With raw HTML data in-hand, we opted to use Beautiful Soup to turn HTML tables with game outcomes into a CSV dataset. This process created one obvious complication: every game appeared twice in our dataset, with teams swapping roles as the “primary” team and the opponent. For example, since Duke and Wisconsin played one another, each of their team pages shows a game against the other. To avoid potentially compromising our analysis with these duplicate observations, we identified all pairs of games and randomly sampled one game from each pair (thus designating one team the “primary” team for which we predict a win or loss).

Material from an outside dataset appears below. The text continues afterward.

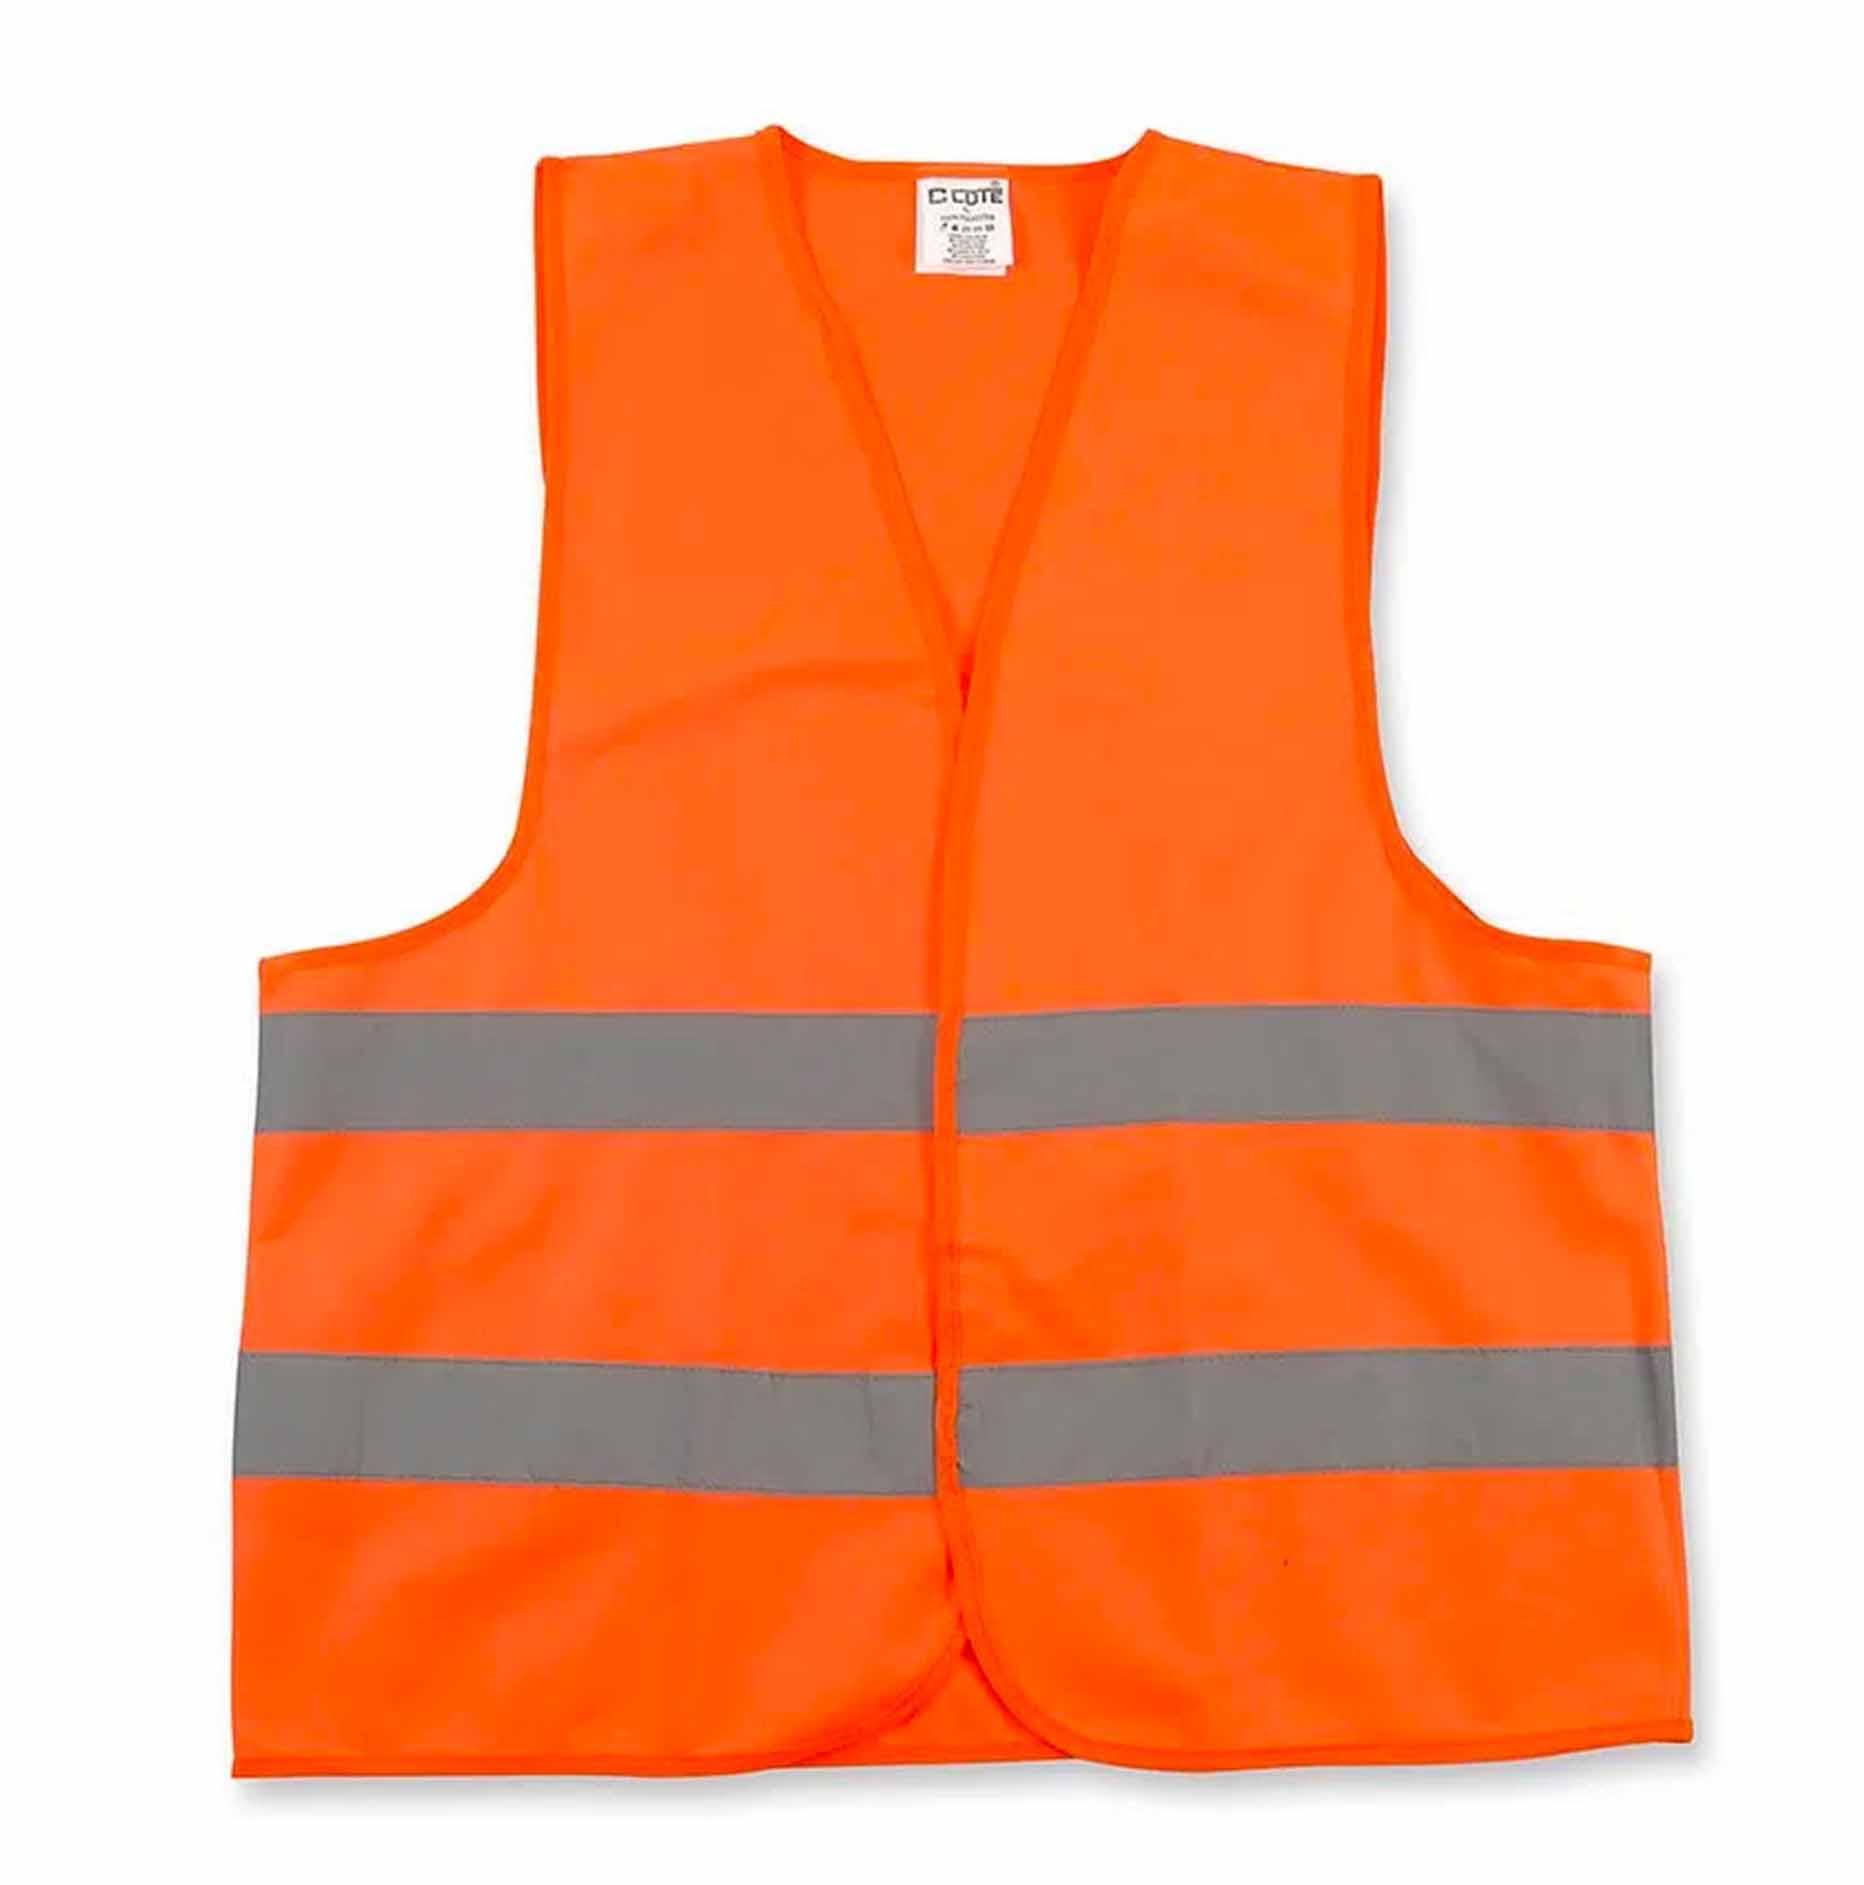 Chaleco De Seguridad Poliester Naranja Con cinta Reflectiva

Finally, we merged game data with team statistics, with each game being augmented with statistics for both the primary and secondary teams. This created one additional challenge: every game featuring a given team would feature the same team statistics. Though a typical season has more than 5,000 games, the actual set of team statistics would be much smaller. In response, we also generated pairwise differences and ratios of team statistics between the primary and secondary team, thus ensuring diversity in our dataset and creating a features that compare both teams, rather than simply describing each team individually. A sample of the resultant dataset (the 2015 Final Four games) appears below; scroll to the right to see all fields:

game_id	game_group	year	date	team	opponent	ncaa_tournament	location_Neutral	team_Tempo	team_RankTempo	team_AdjTempo	team_RankAdjTempo	team_OE	team_RankOE	team_AdjOE	team_RankAdjOE	team_DE	team_RankDE	team_AdjDE	team_RankAdjDE	team_Pythag	team_RankPythag	opponent_Tempo	opponent_RankTempo	opponent_AdjTempo	opponent_RankAdjTempo	opponent_OE	opponent_RankOE	opponent_AdjOE	opponent_RankAdjOE	opponent_DE	opponent_RankDE	opponent_AdjDE	opponent_RankAdjDE	opponent_Pythag	opponent_RankPythag	diff_Tempo	diff_RankTempo	diff_AdjTempo	diff_RankAdjTempo	diff_OE	diff_RankOE	diff_AdjOE	diff_RankAdjOE	diff_DE	diff_RankDE	diff_AdjDE	diff_RankAdjDE	diff_Pythag	diff_RankPythag	ratio_Tempo	ratio_RankTempo	ratio_AdjTempo	ratio_RankAdjTempo	ratio_OE	ratio_RankOE	ratio_AdjOE	ratio_RankAdjOE	ratio_DE	ratio_RankDE	ratio_AdjDE	ratio_RankAdjDE	ratio_Pythag	ratio_RankPythag	points_for	points_against	win
20150404-duke-michiganst	1	2015	2015-04-04	Duke	Michigan St.	1	1	65.9330	120	65.9619	114	119.6530	3	121.5639	3	96.6318	51	92.3456	12	0.959355	4	63.0403	271	63.5905	245	109.8856	33	114.5700	15	98.4175	86	95.5169	47	0.890088	15	2.8927	-151	2.3714	-131	9.7674	-30	6.9939	-12	-1.7857	-35	-3.1713	-35	0.069267	-11	1.045887	0.442804	1.037292	0.465306	1.088887	0.090909	1.061045	0.2	0.981856	0.593023	0.966799	0.255319	1.077820	0.266667	81	61	1
20150404-kentucky-wisconsin	1	2015	2015-04-04	Wisconsin	Kentucky	1	1	59.4998	344	59.0178	346	121.1329	1	127.8751	1	97.5034	72	96.3347	54	0.962927	3	63.7584	241	63.4728	251	115.4396	9	119.2883	5	84.6510	1	86.5378	2	0.975662	1	-4.2586	103	-4.4550	95	5.6933	-8	8.5868	-4	12.8524	71	9.7969	52	-0.012735	2	0.933207	1.427386	0.929812	1.378486	1.049318	0.111111	1.071984	0.2	1.151828	72.000000	1.113209	27.000000	0.986947	3.000000	71	64	1
20150406-duke-wisconsin	1	2015	2015-04-06	Duke	Wisconsin	1	1	65.9330	120	65.9619	114	119.6530	3	121.5639	3	96.6318	51	92.3456	12	0.959355	4	59.4998	344	59.0178	346	121.1329	1	127.8751	1	97.5034	72	96.3347	54	0.962927	3	6.4332	-224	6.9441	-232	-1.4799	2	-6.3112	2	-0.8716	-21	-3.9891	-42	-0.003572	1	1.108121	0.348837	1.117661	0.329480	0.987783	3.000000	0.950646	3.0	0.991061	0.708333	0.958591	0.222222	0.996290	1.333333	68	63	1

Columns starting with team_, opponent_, diff_, and tempo_ respresent KenPom-calculated and -derived features. Game outcome information appears in the final three columns. Columns ending with“OE” and“DE” represent the efficienty metrics described above.

Code

Code for data retrieval and processing is spread across three files in our repository:

/src/data-processing/scrape_team_snapshots.py: Reads Ken Pomeroy's statistical summary files and uses team entries therein to scrape all game records from kenpom.com. Raw HTML is written to disk.
/src/data-processing/process_snapshots.py: Reads game records from above and summarizes them as well-formed CSV files.
/src/data-processing/generate_game_data.py: Merges CSV game records and team statistics, and derives several fields for later modeling and analysis.